Causes of continuing vulnerability

According to the EPG, the Valley’s persistent flood risk is not just the outcome of natural forces, but also “decades of human-induced degradation.” Illegal tree felling, unregulated land use, deep riverbed mining with heavy machinery, and encroachments on riverbanks and wetlands have all weakened the region’s natural flood absorption systems, it said.

The group warned that critical catchments have been converted into built-up and agricultural zones, causing rapid runoff into the Jhelum instead of gradual seepage. The result, it said, is accelerated siltation of the riverbed and reduced flood-carrying capacity.

Wular Lake, once a vast flood basin, has lost nearly a third of its capacity due to siltation and encroachments, while wetlands like Hokersar, Haigam, Shallabugh, Mirgund, and Narakara Nambal have been severely degraded, reducing the Valley’s natural buffers.

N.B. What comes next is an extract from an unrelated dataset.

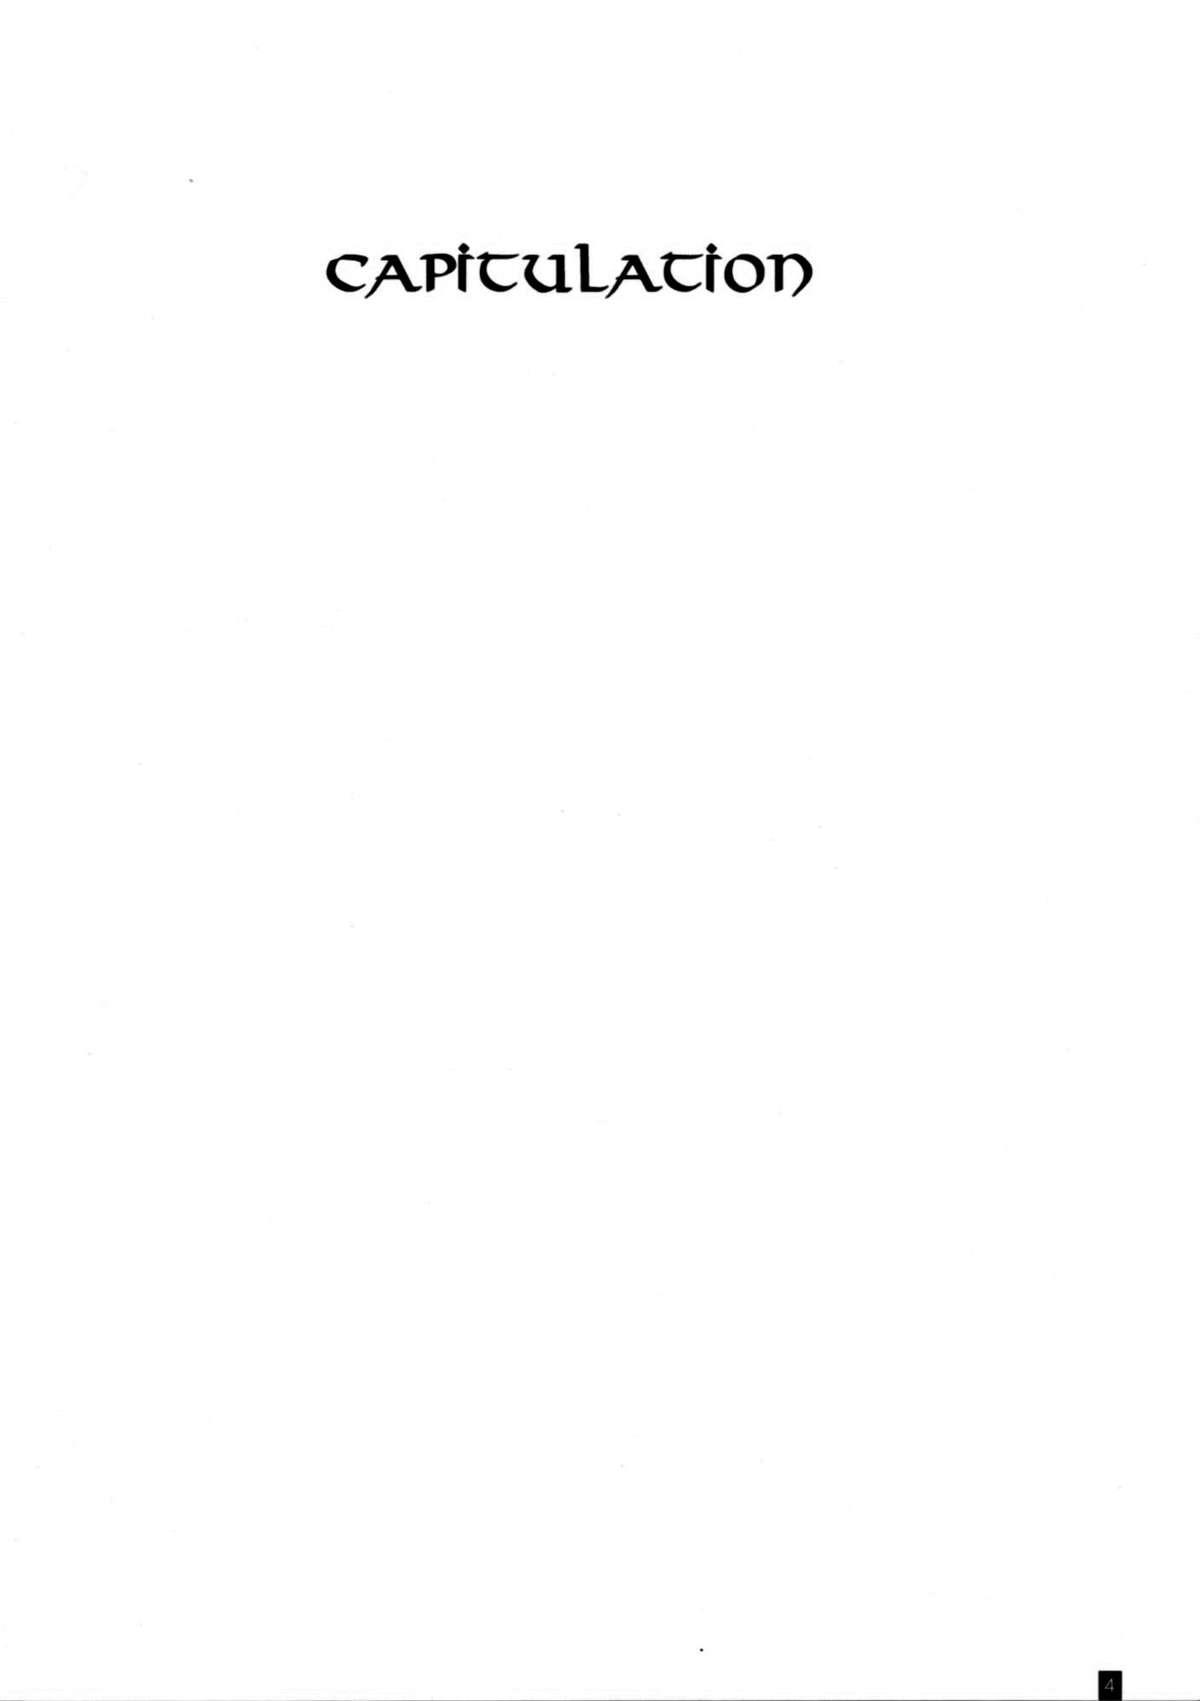 CAPITULATION 2

Call for scientific dredging, holistic measures

EPG criticised the “shoddy dredging” works carried out after 2014, saying they were abandoned midway and not based on scientific studies. It called for continuous, satellite-based monitoring and sediment studies, and stressed that dredged material must be disposed of scientifically.

The group also demanded urgent restoration of the historic flood spill channel, strengthening of fragile embankments, and modernisation of Srinagar’s outdated urban drainage systems, which currently fail even under moderate rainfall.

Next steps

EPG said it will continue to pursue the PIL before the High Court and will soon organise a seminar of experts to prepare detailed recommendations for the government.

“The people of Jammu & Kashmir deserve safety, not fear. The administration must finally honour both the spirit and the letter of the High Court’s directions issued since 2014 and respect the opinion of independent experts,” the statement said.